Full Tide, Clark’s volume of collected poems is filled with poems from over ten volumes published over a period of six decades. More on this will be said in due course but let it suffice here that upon publication of the book in 2010, younger poets who were born after the Nigerian Civil war had access again to the stupendous body of work which Clark created over the years. The collected poems allow the reader to observe Clark evolve from a poet in search of his own idiom into the poet of whom the most influential critics of African literature (Abiola Irele and Femi Osofisan among them) will ascribe the transformation of paradigm and idiom impossible to ignore by poets ever since Clark came into his own. There is a sense in which Nigerian poetry can apparently be dated Before Clark and After Clark.
‘What time of night it is
I do not know
Except that like some fish
Doped out of the deep
I have bobbed up bellywise
From stream of sleep
And no cocks crow’. – ‘Night Rain’, J P Clark
Clark is the poet who continuously rescues us from the tyranny of Chronos, connected as he is with the more ancient and organic timekeeping ways of his people and land. There is a hint in this early poem, though, of the threat of extreme chemistry creeping up on the consciousness of even this native son. The ‘dope’ ruptures the umbilical link of the poet’s consciousness with the deep. This is the alien invasion and if we date this poem correctly, it was written in the early ‘60s. Today, the word for ‘great’ on the streets is ‘dope’. We have suffered. We have been had. Reading Clark tunes the sensibilities to these subtle shifts in our collective consciousness and may help us find our way back to more natural paths.

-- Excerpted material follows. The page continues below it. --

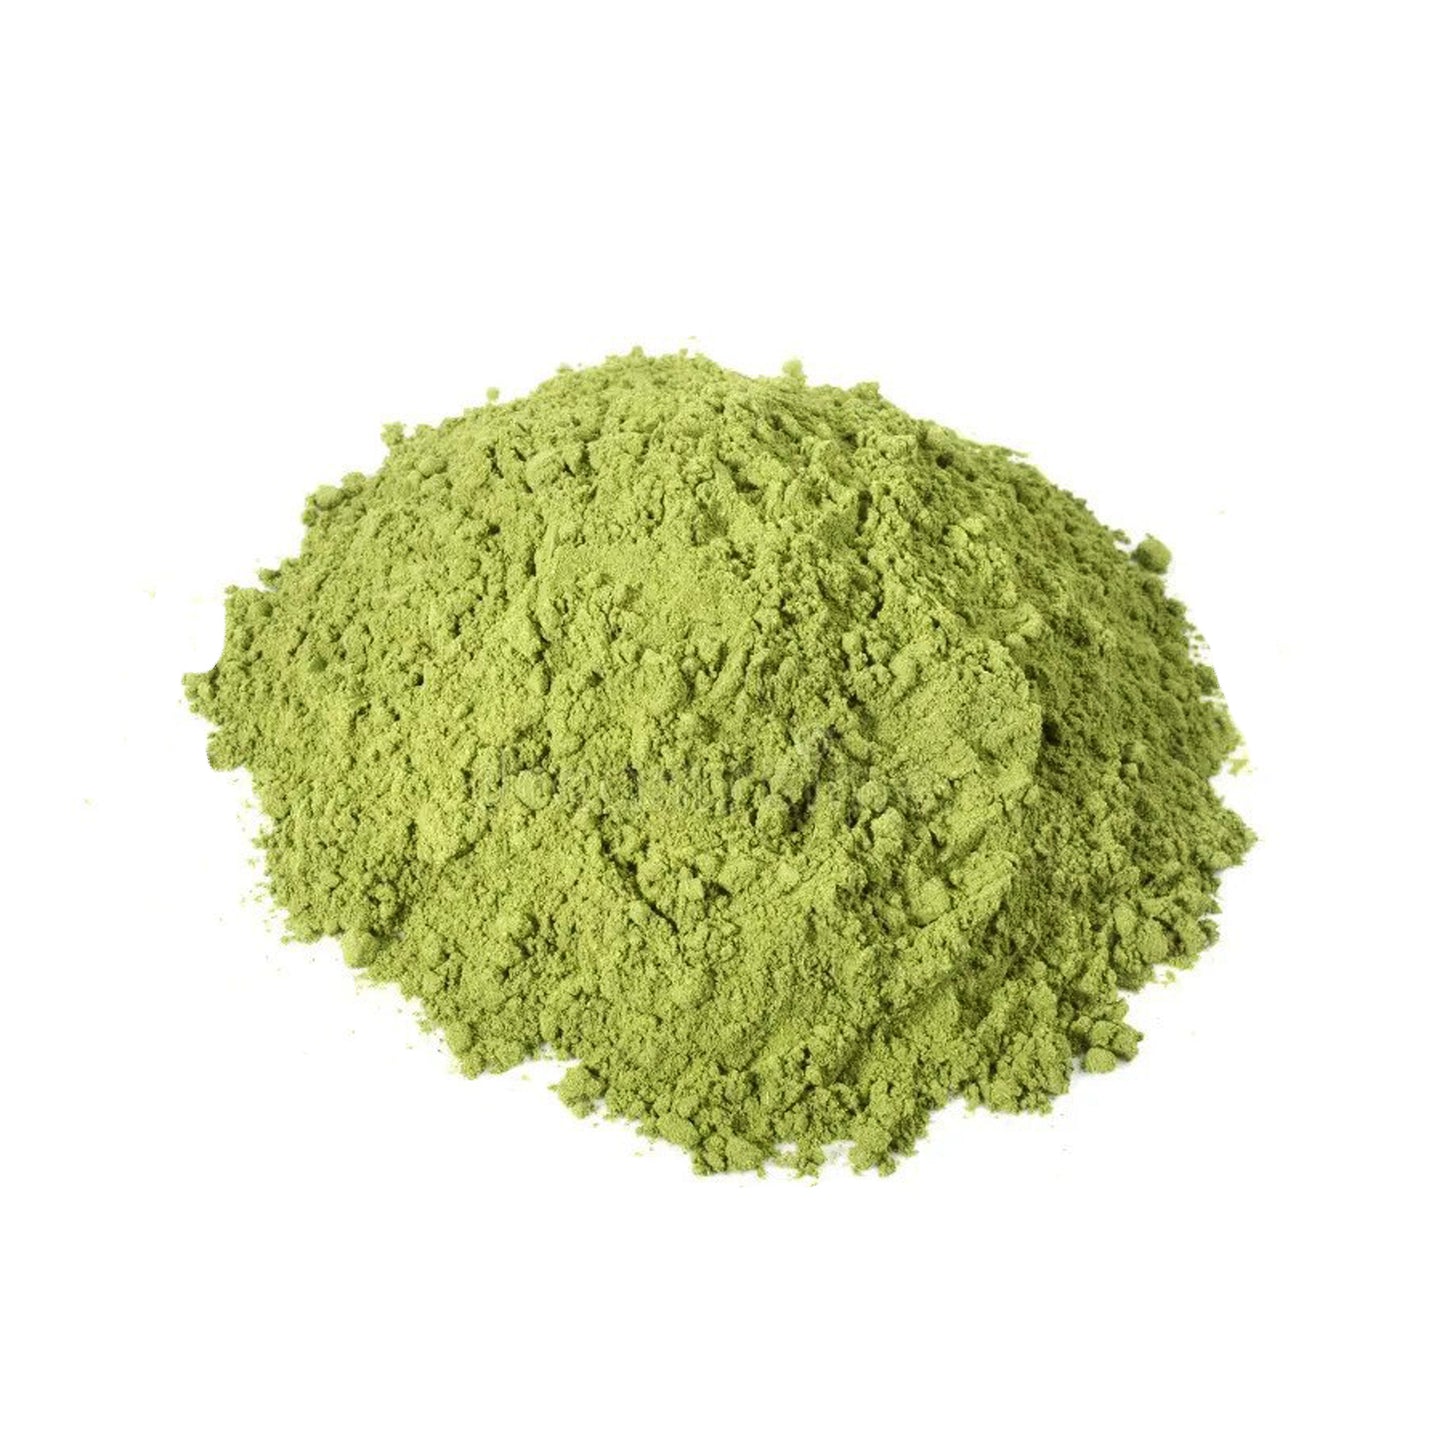 Lakpura Dehydrated Rampe / Pandan Leaves Powder

By the time Casualties came out of the press in 1970, the poems of J P Clark had acquired an incontestable canonical status. After Casualties, the pause between every other J P Clark volume became a kind of multiplied caesura. Perhaps, only the poems of Wole Soyinka have that selfsame quality from among the poets in that generation. The poems of Afam Akeh and Harry Garuba in this epoch share the same characteristic. These days, every new collection of poems is an ‘event’ but it is instructive to remind ourselves of the collections that helped us define the event. This is why it is important to have poets of the gravity of Clark in any literary tradition.

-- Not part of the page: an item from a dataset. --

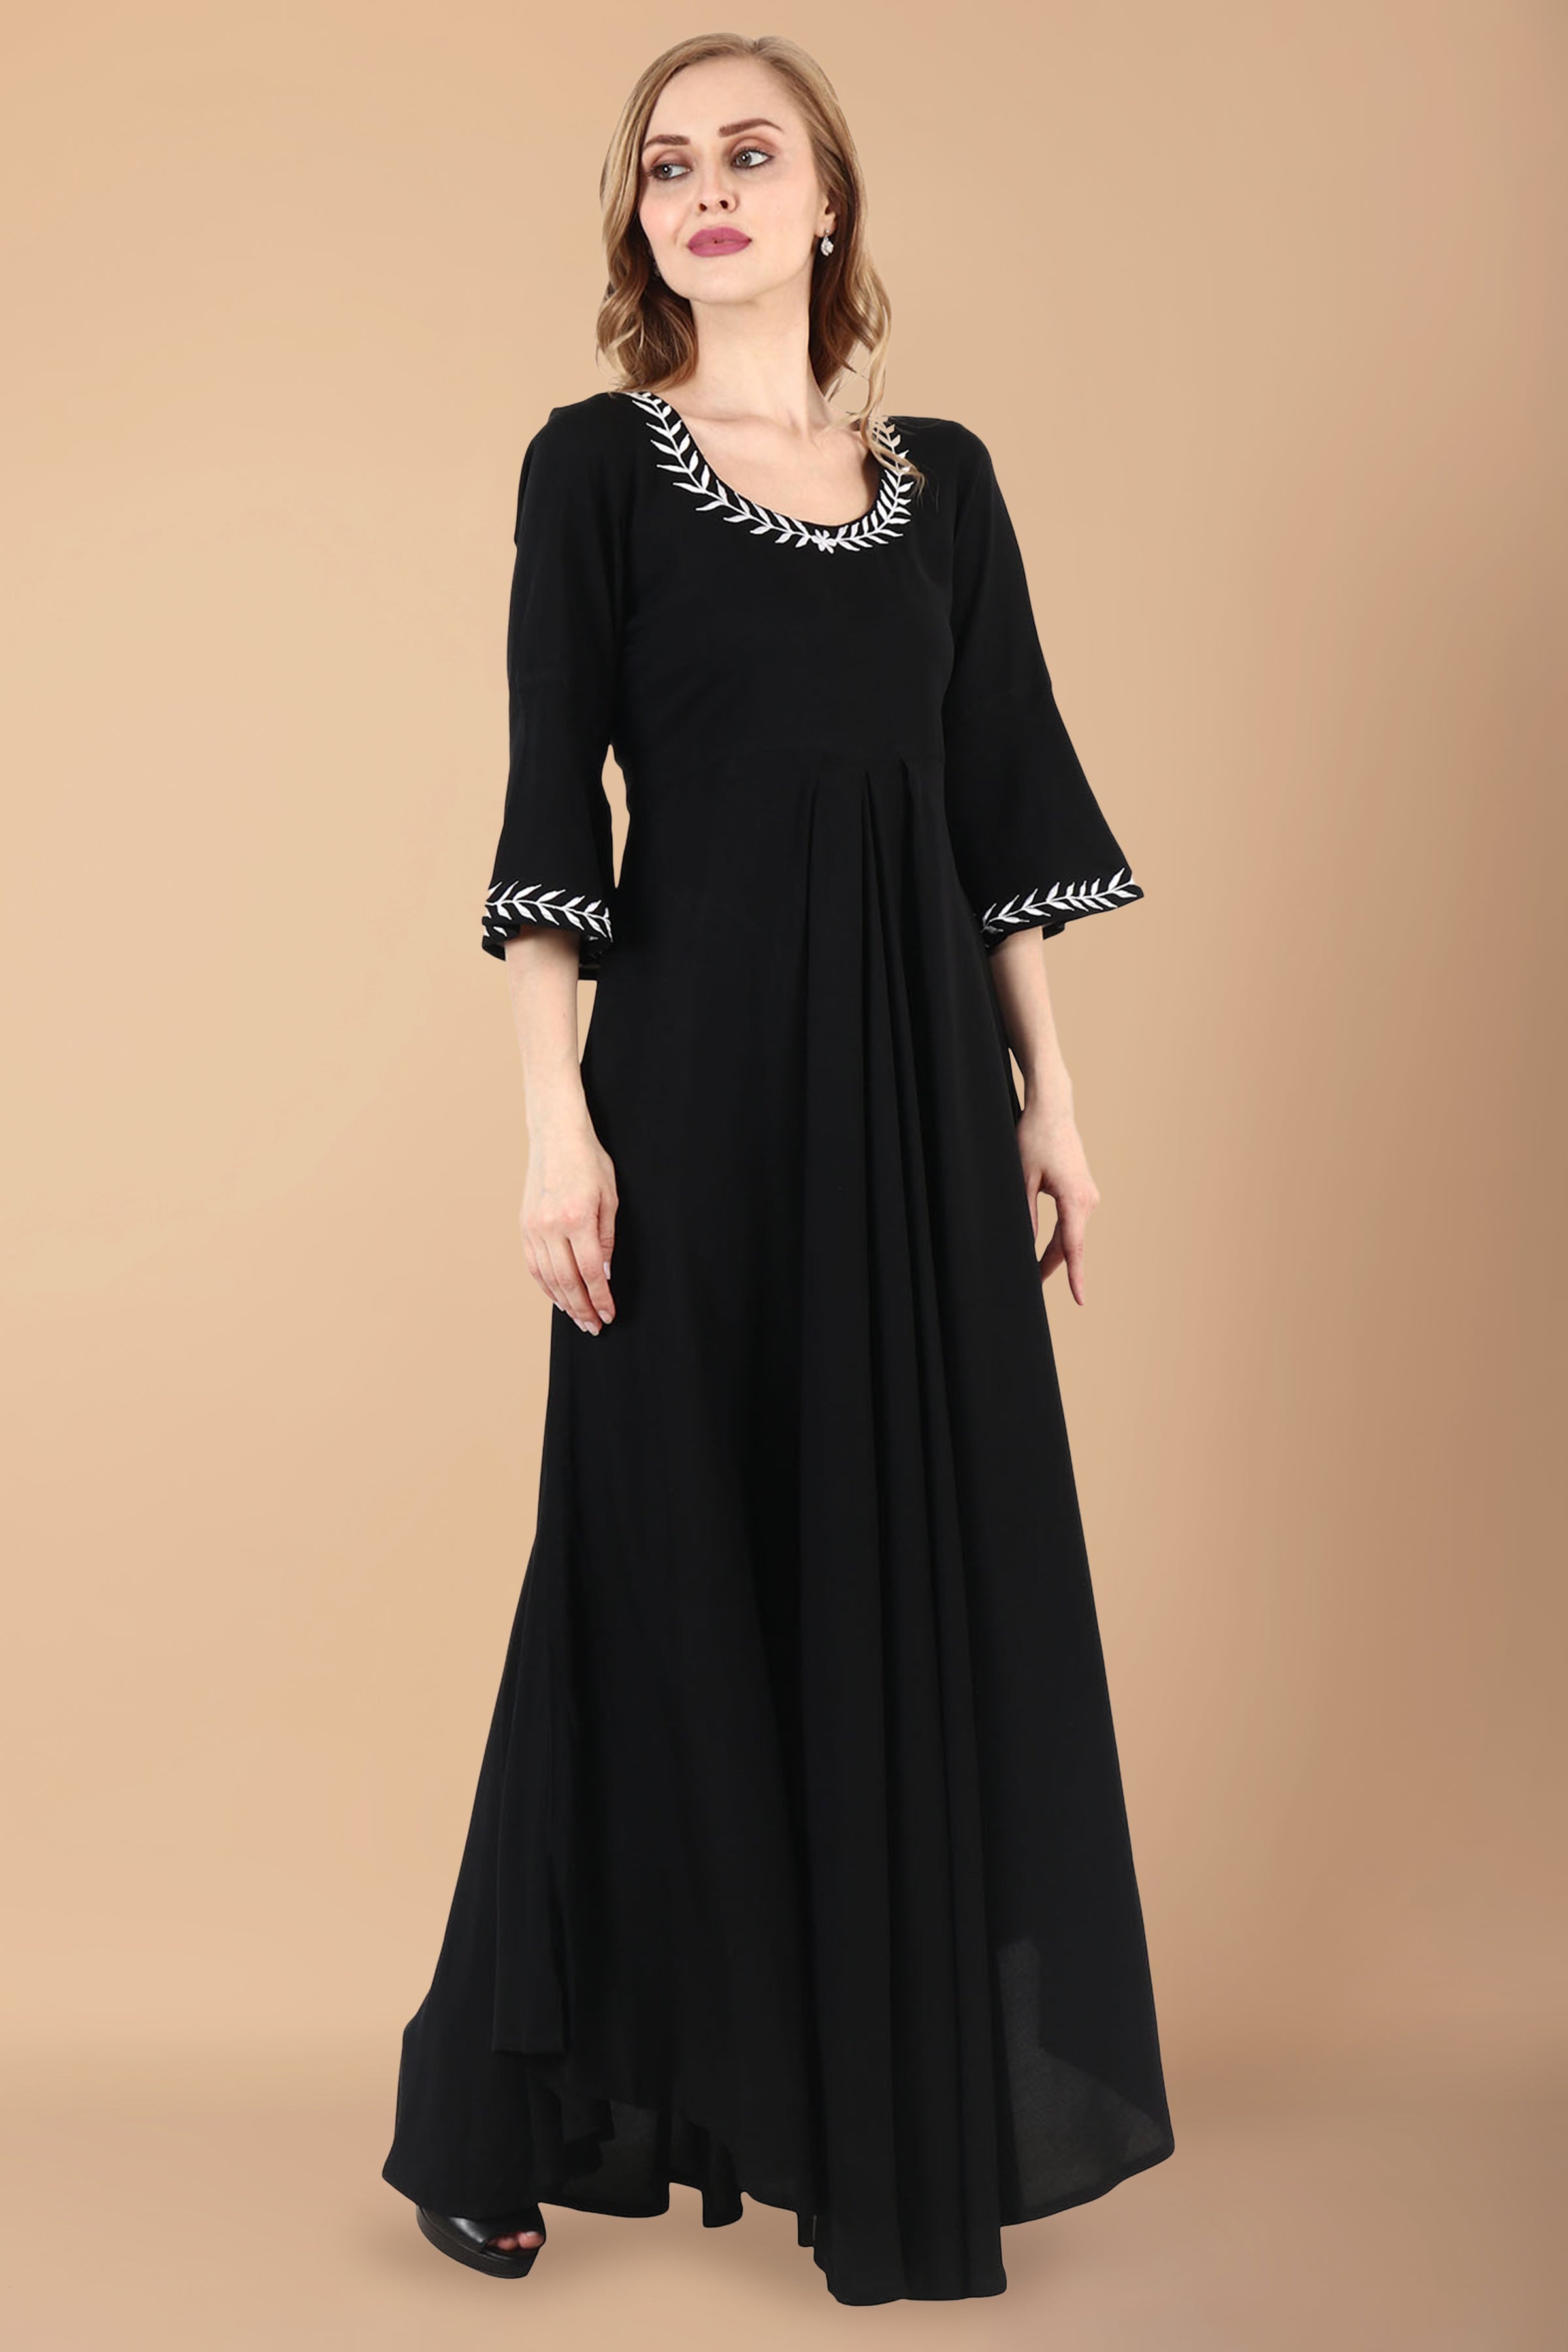 Black Party Dress, Black Dress, Women Maxi Dress, Floor Length Dress,  Gothic Clothing, Minimalist Dress, Ball Gown Dress, Fashion Dress - Etsy  Norway

Yet, Clark wrote of illusions and the metaphysical with a vividness and immediacy that arrests the reader. He suffers no foolishness gladly and he is as firm in his original stand on issues now as he ever was. This is gladdening. The debt that poets coming after Clark owe him is large. It consists, largely, of incorporating the innovations of his time into that emerging body of works known as contemporary African poetry. The bar, as Clark has raised it, is high. But this is precisely what poets do. He has set it because of an abiding confidence in the poetic progeny to raise it even higher.

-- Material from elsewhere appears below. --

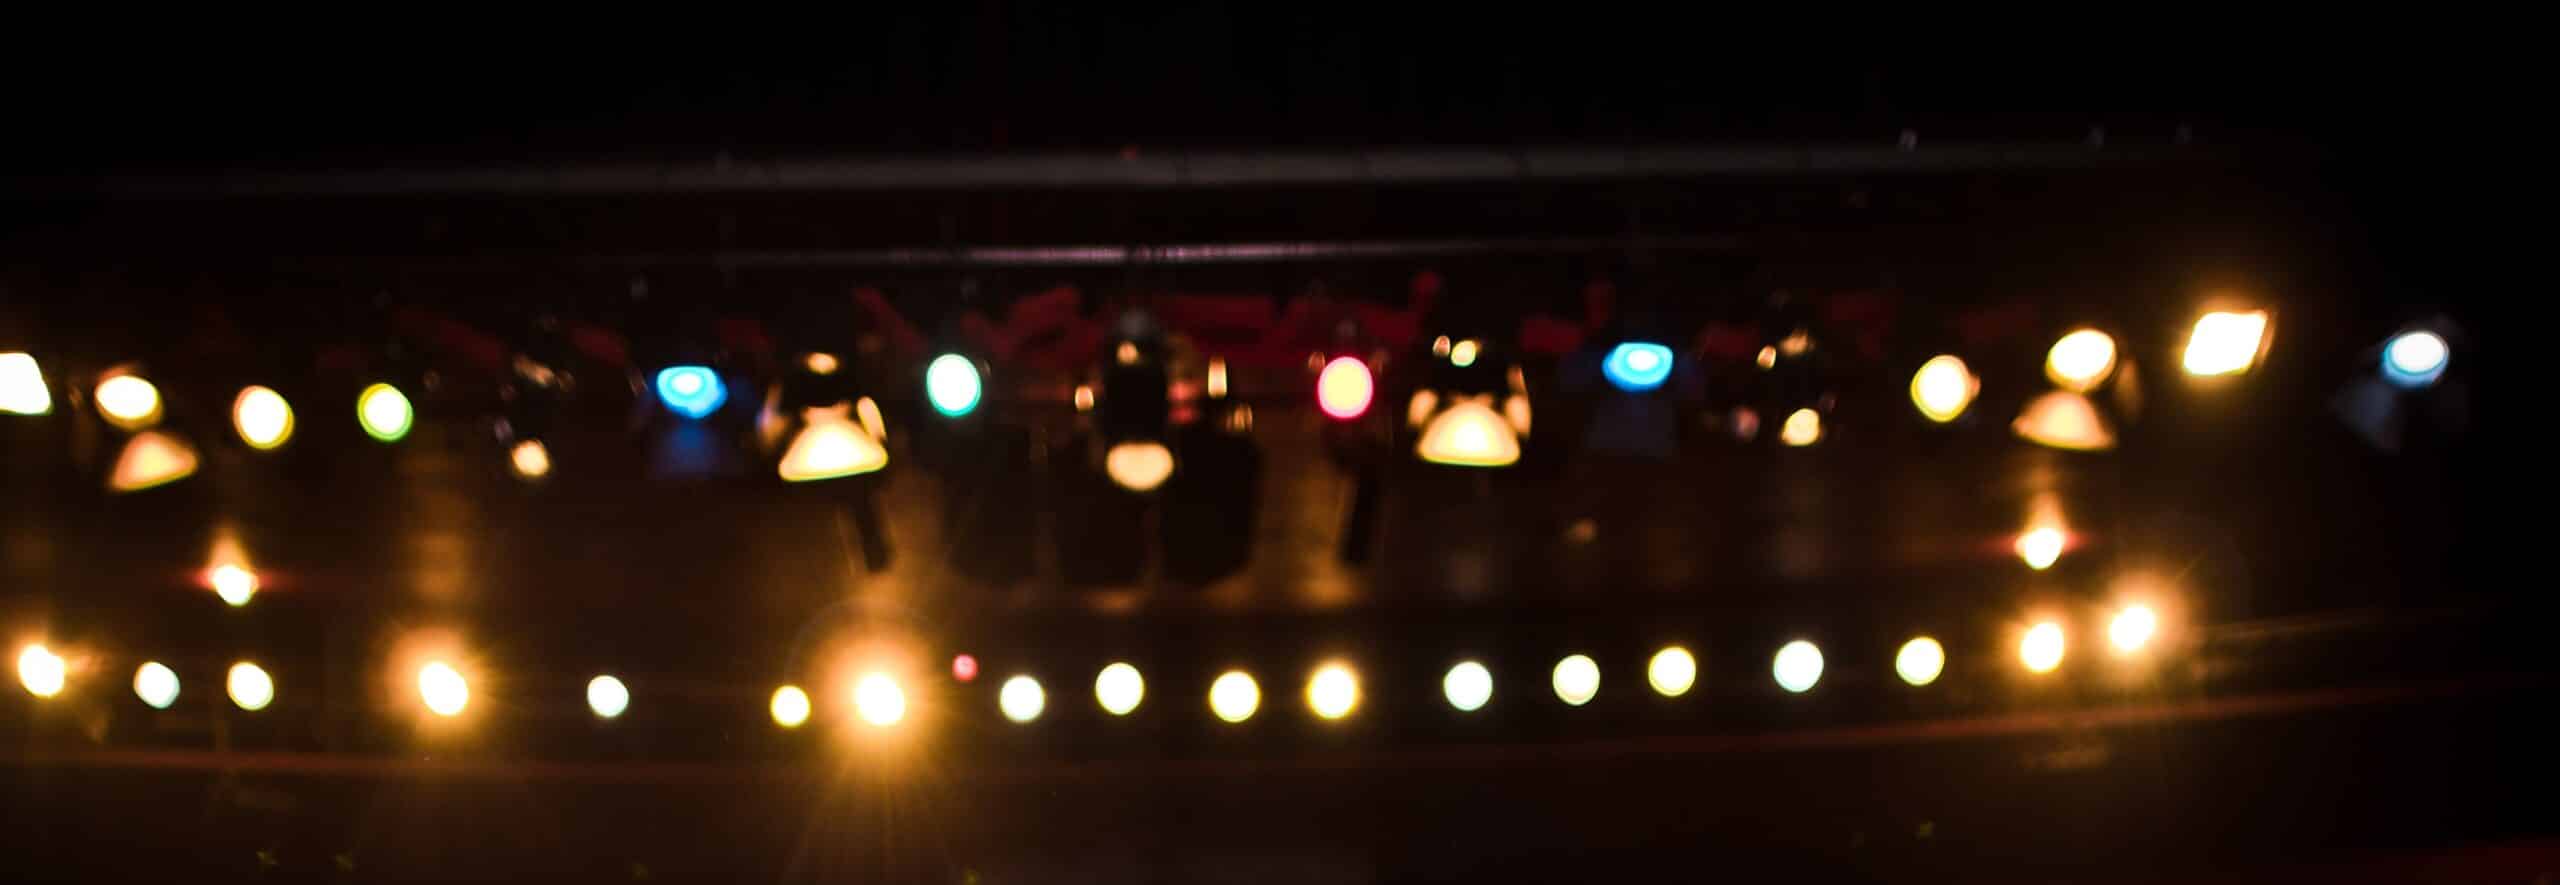 Photo of theatre lights

So, what is the defining essence of Clark’s poetic vision? Collected Poems seem to spur these kinds of question. I suggest that though there will be many (perhaps equally valid) readings of this essential poet, his most valuable contribution would be the elevation of the poetic diptych into an idiom, a currency, a way of framing life and discourse. I have read these collected poems and I have come away with a very vivid sense of Clark’s gift to his audience. Life is not a single frame of reference, it is plural. It is possible, without any sense of contradiction, to contemplate the fate of those we will not see again on this side of existence and yet look the sun full in the face. Yes, there is gravid and intimate sorrow in this world but yes, too, to the sweetness and light in it. This is what poets of all the ages set out to help humankind understand. This is what Clark does so well with his poetic imagination, his diptych, his undimmed and abiding stream of rare consciousness.